ORANGE PARK, Fla. — There isn't a day Debbie Rizer doesn't think about her son, Derek Hatcher.
Her son was a star quarterback at Ridgeview High School. His talents eventually took him to the University of Arkansas.
"Derek was my baby. He was my little boy. He was my everything. My world revolved around him," Rizer said.
The young man had aspirations to pay it forward. Rizer said Hatcher wanted to coach the next generation of athletes. Unfortunately, his dream was cut short six years ago.
Hatcher overdosed on fentanyl at the young age of 24.
Rizer believes her son did not know he took fentanyl. Since her son's death, Rizer's world has not been the same.

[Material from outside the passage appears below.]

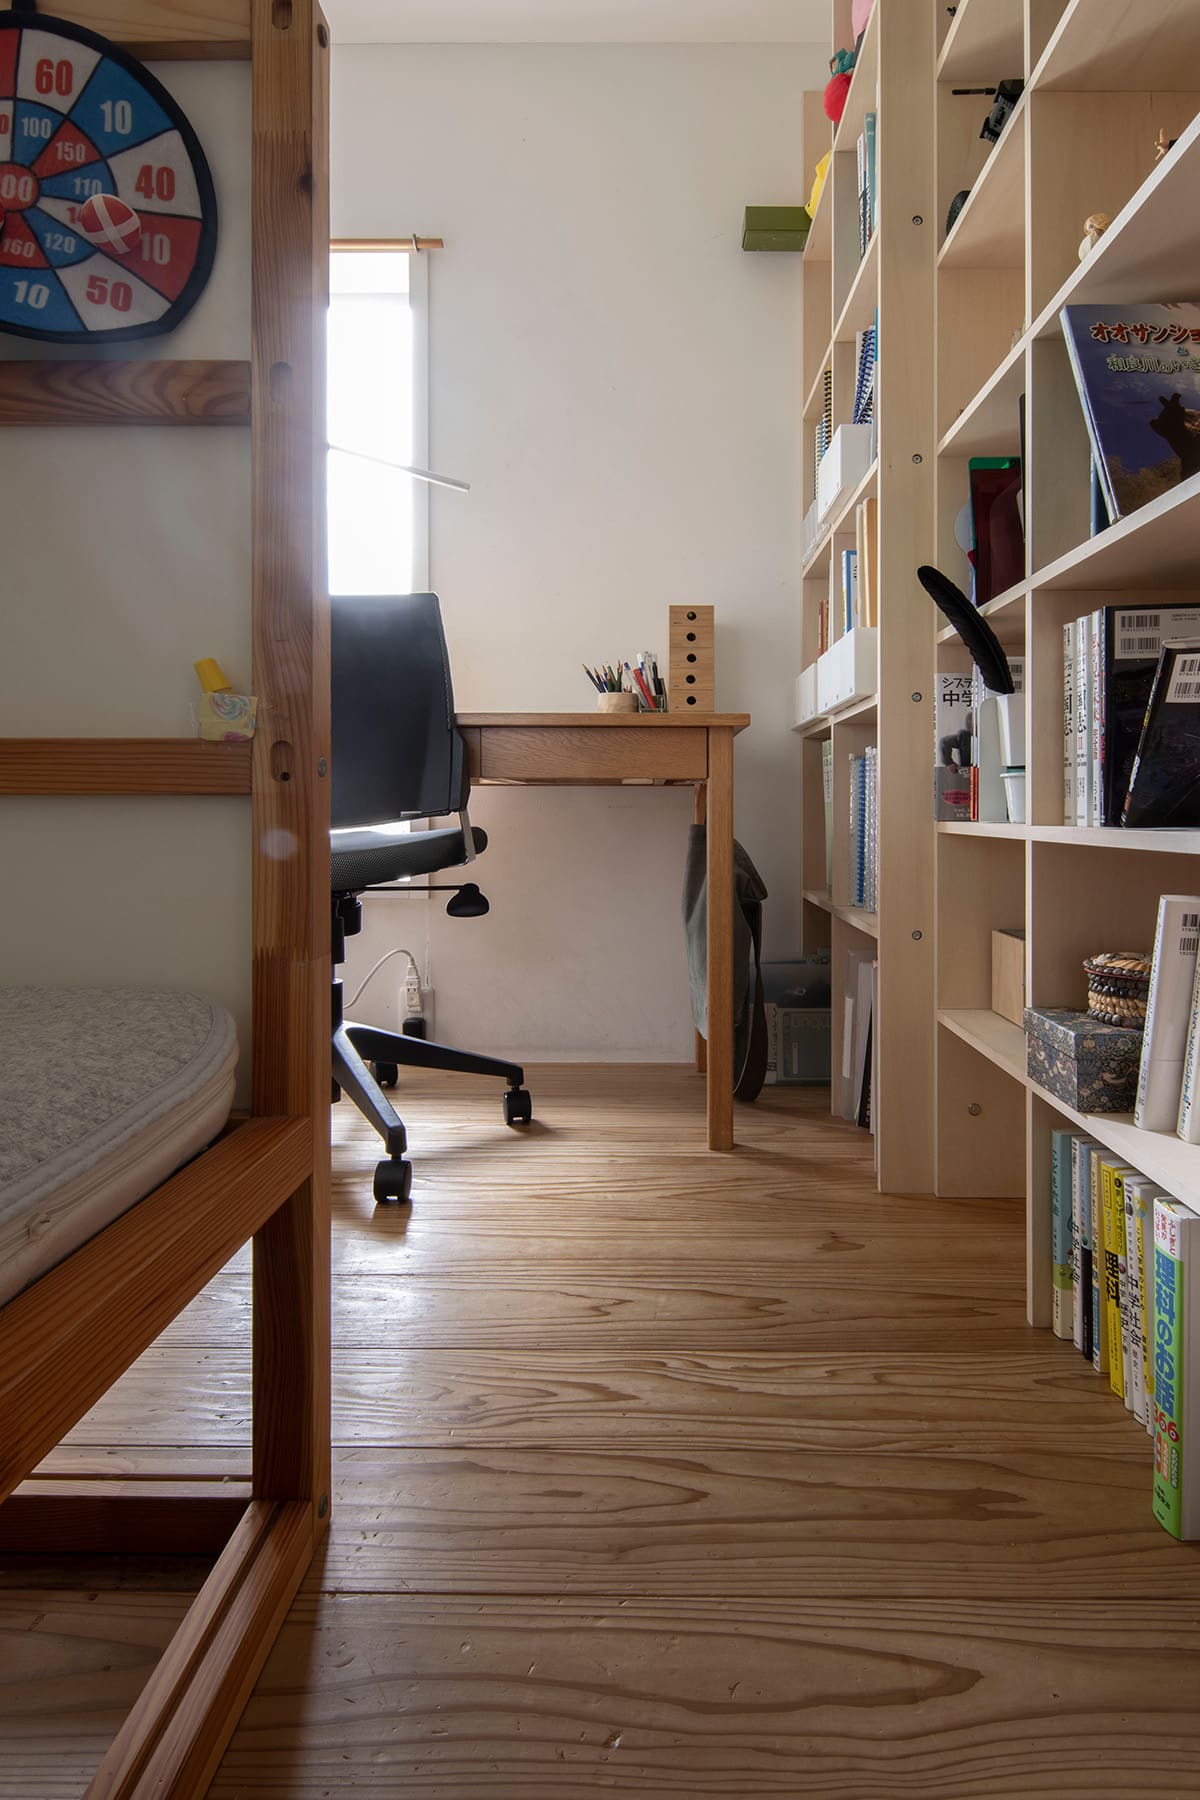 【File 760】本棚の間仕切りで子供室を作る - Shelf 壁一面の本棚 - マルゲリータお客様事例
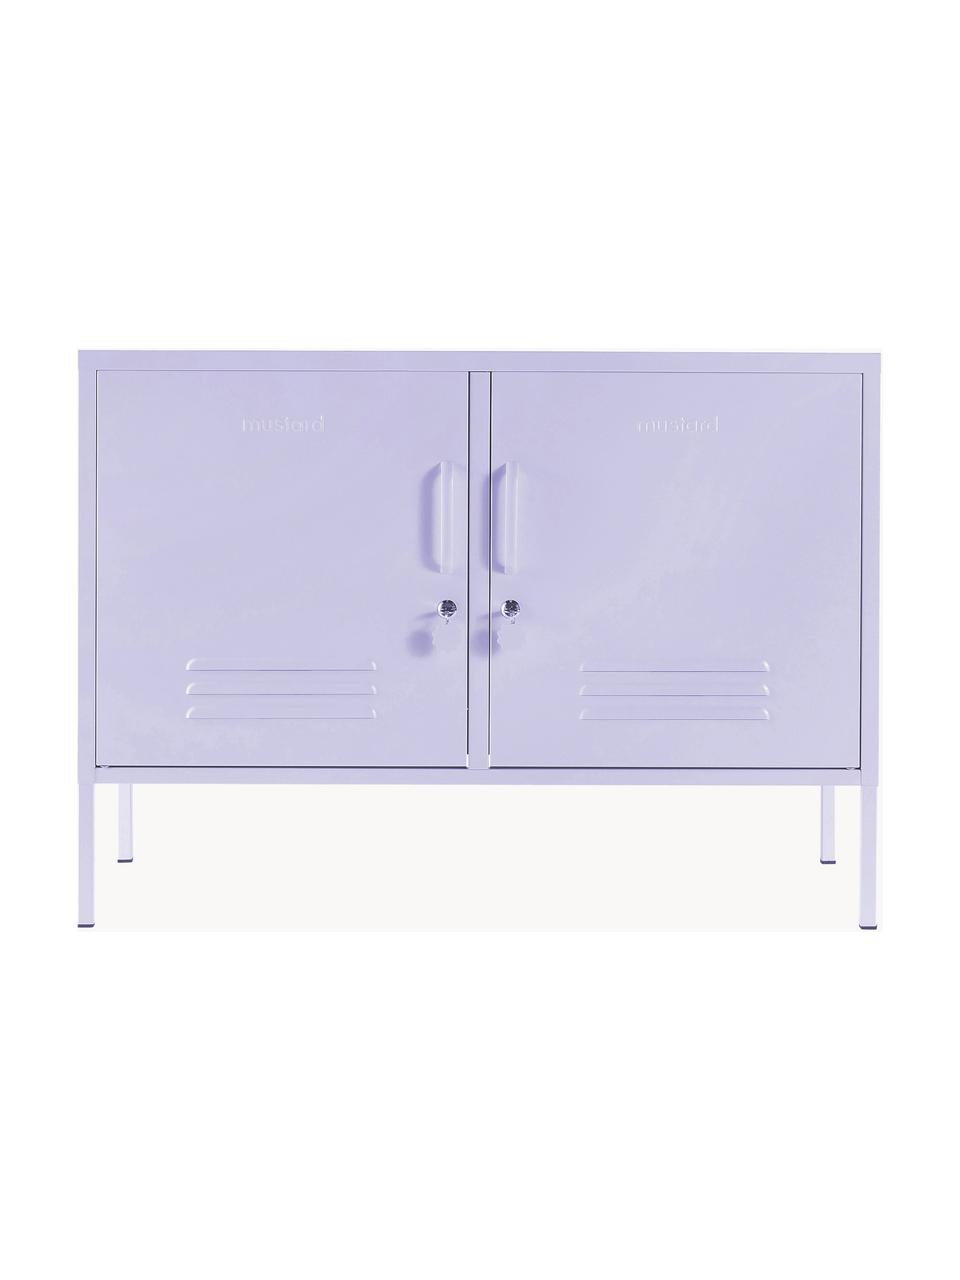 Metalen dressoir The Lowdown, Staal, gepoedercoat, Lavendel, B 100 x H 72 cm

"Waking up knowing he's not here is a pain I can't even express," Rizer added.
In 2020, statistics from the Florida Department of Law Enforcement showed 6,089 opioid-caused-deaths. 7,842 reported deaths were opioid related. In response to this national crisis, the Drug Enforcement Administration recognizes May 10 as "National Fentanyl Awareness Day".
The goal is to educate the public on how dangerous the drug can be. Jacksonville DEA agent Mike Dubet said fentanyl does not discriminate.
"It's pretty much playing Russian Roulette with your body," Dubet said.
It's a gamble that Rizer doesn't want anyone to take. She said families should look for the signs of drug use. That's why she created the Derek Hatcher Foundation, a non-profit organization that raises awareness of substance abuse and addiction.
"I had people tell me Derek was doing drugs and I didn't believe it because my son would never do drugs," Rizer said.
Grief does not have a deadline, but to Rizer, talking about her son and sharing his story helps ease the pain.